For better or for worse, this religion/faith/church is my culture. It’s where I come from, and maybe it’s not where I’m supposed to be going. I cannot for the life of me recall when or where I read this, but many Buddhists will tell those interested in Buddhist practice not to abandon their cultural religious traditions entirely, but rather to recognize the way Buddhism augments all religions, expands upon them. Or something. As I said, I don’t remember.

It’s not that I’m a Buddhist; it’s just that I want to honour the strengths of my forebears and try to find a place in the faith that formed the framework of their lives.

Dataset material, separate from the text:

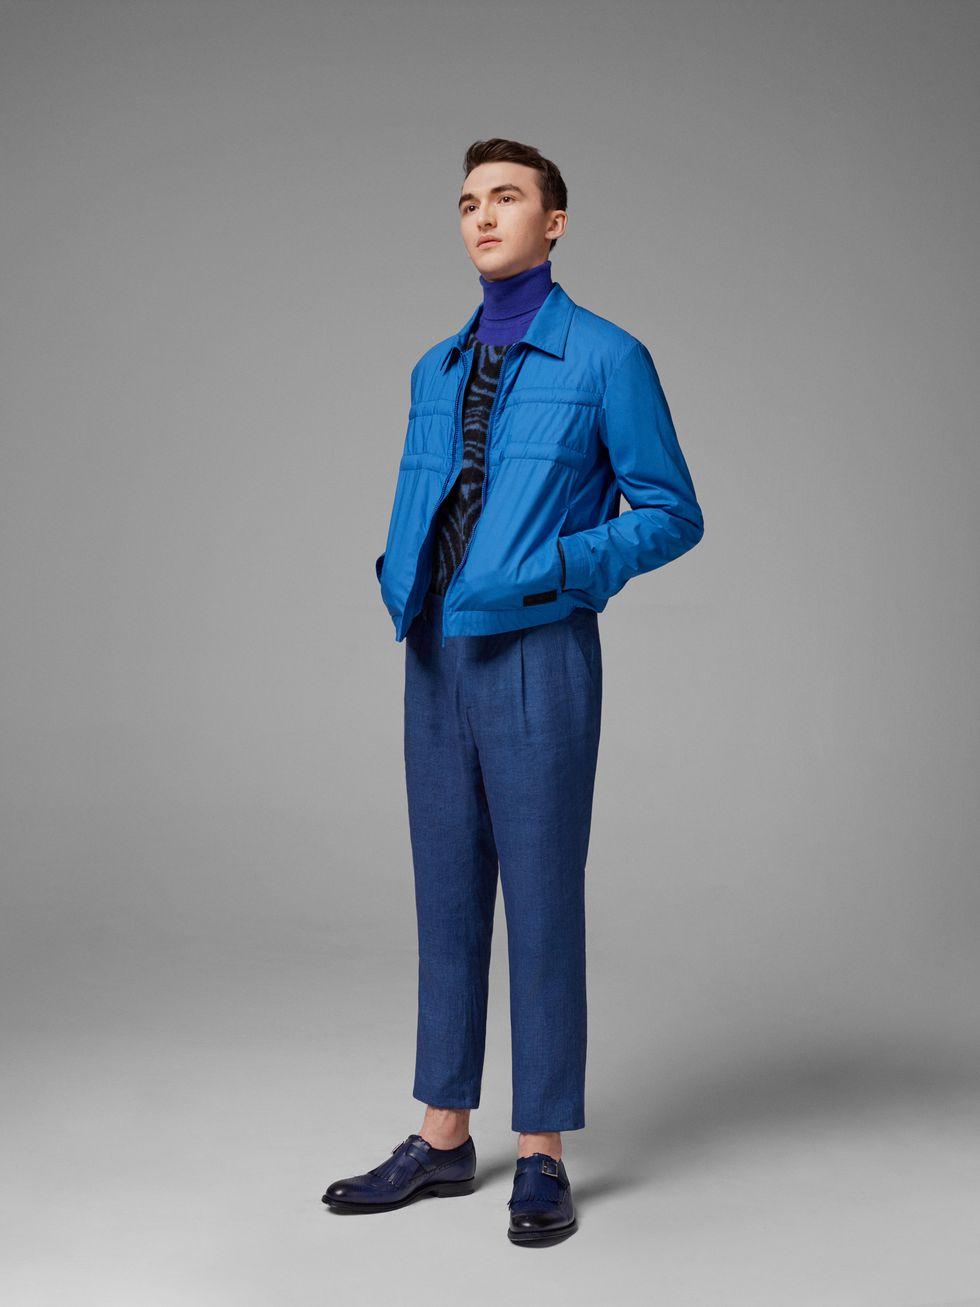 Водолазка, Mr. P; пуловер, Tiger of Sweden; бомбер, Moncler Genius x Craig Green; брюки, Etro; ботинки, Grenson

So that’s it. No transformation/conversion story. Just a decision to engage myself in the church community in addition to my private study. I went back to the church (and indeed the faith) with some rules. The first rule: no guilt. I wasn’t going to let the church or the people in it guilt me into anything. Anything I was going to do had to come naturally — praying, giving, volunteering, bible reading, whatever. So much of my childhood was spent feeling guilty — not for doing bad things, because, while I was quite a little jerk most of the time, I didn’t do any of the big ticket sins like have sex or drink or smoke. The guilt I felt most of the time had to do with religious practice, i.e. reading the bible, praying, having the “quiet time,” i.e. not doing those things regularly. I also felt guilty for not “feeling it” in church or in worship services or whatever. That I wasn’t “growing spiritually” the way other kids were. I was too busy feeling guilty for not being a good enough Christian that I didn’t have time feel guilty for being an ASSHOLE. Which I was. Which is not to say I’m not one now, but I’m trying to keep it down to a dull roar these days.

Anyway, now I’m not holding myself to that bullshit. I go to church, because I like to see my friends and hold babies. If I daydream during the sermon, I don’t beat myself up about it. I don’t take notes, and I don’t feel guilty about that, either. That’s the deal I struck with myself, and maybe even God. OK, I’ll come back to church, but there’s no pressure.

Maybe you’re reading this and you think it’s all pomo crap. If so: too bad, bitches. I don’t care, because I spent too long caring about that sort of thing and poisoning myself in the process.

Love,
Jenny

P.S. GOD IS A SHE
P.P.S. (Not really, I just said that to freak you out)
P.P.P.S. (But that doesn’t mean you can keep referring to God with male pronouns)
P.P.P.P.S. (At least, not on my blog watch)

ordination consternation

Wednesday, January 18th, 2006

Sunday night I went to an ordination service. It’s not the first one I’ve attended, but it’s the first one I’ve attended as a critically-thinking adult. The other times were when I was a kid, including my own father’s, which I don’t remember at all save for the photographs which allow me to manufacture memories based on the images of my three-year-old self in white tights.

This ordination was for my old youth pastor, who’s still youth pastor, but after seven years has completed his Calvinist seminary education.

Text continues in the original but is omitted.